→ **Recorded data**
== Segment start ==
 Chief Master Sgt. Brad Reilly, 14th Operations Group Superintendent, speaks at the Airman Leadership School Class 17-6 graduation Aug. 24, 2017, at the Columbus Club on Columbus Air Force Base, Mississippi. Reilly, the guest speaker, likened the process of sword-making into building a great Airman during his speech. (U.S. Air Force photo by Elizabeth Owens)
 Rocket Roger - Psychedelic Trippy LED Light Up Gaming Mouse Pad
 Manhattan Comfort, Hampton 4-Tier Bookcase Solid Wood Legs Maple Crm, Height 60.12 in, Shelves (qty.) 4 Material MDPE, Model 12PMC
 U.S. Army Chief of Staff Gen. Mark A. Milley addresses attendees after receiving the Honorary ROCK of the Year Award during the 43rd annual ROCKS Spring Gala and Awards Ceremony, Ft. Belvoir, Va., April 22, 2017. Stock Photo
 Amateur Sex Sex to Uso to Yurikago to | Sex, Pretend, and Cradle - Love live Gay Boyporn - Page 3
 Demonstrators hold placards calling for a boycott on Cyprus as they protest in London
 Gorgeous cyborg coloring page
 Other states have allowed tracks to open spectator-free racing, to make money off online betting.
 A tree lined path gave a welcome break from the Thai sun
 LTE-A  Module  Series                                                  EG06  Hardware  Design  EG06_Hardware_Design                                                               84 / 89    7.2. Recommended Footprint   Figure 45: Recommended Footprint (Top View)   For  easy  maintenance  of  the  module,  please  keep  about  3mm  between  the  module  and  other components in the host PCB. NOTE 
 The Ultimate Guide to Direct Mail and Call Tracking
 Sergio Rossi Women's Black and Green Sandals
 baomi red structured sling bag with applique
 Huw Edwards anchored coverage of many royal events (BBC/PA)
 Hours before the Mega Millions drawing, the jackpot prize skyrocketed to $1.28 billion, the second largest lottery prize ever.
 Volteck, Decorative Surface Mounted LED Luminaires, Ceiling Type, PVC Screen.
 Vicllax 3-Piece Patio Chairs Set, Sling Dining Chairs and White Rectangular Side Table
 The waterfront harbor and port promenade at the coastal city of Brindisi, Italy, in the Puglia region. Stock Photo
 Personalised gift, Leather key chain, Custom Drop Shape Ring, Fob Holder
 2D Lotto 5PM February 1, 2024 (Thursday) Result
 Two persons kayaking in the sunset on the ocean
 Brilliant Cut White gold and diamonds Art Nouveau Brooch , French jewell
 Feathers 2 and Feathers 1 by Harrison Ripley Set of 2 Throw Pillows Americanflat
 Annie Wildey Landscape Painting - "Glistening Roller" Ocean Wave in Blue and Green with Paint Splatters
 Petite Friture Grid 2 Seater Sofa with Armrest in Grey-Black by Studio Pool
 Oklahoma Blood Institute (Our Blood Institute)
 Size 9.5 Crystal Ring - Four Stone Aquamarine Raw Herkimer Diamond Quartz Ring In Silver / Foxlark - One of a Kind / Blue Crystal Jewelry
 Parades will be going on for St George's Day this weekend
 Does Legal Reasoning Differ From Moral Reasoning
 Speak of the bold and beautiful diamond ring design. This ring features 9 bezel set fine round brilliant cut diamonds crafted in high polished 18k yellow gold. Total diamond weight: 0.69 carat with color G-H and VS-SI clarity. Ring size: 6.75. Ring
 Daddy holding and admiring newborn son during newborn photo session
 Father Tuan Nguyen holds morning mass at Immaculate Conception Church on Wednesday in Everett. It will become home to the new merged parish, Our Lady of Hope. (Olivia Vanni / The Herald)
== Segment end ==
→ **THE TASK**
Output the number of lines in the records above that contain the string "Green", and no other text.

→ **YOUR SOLUTION**
2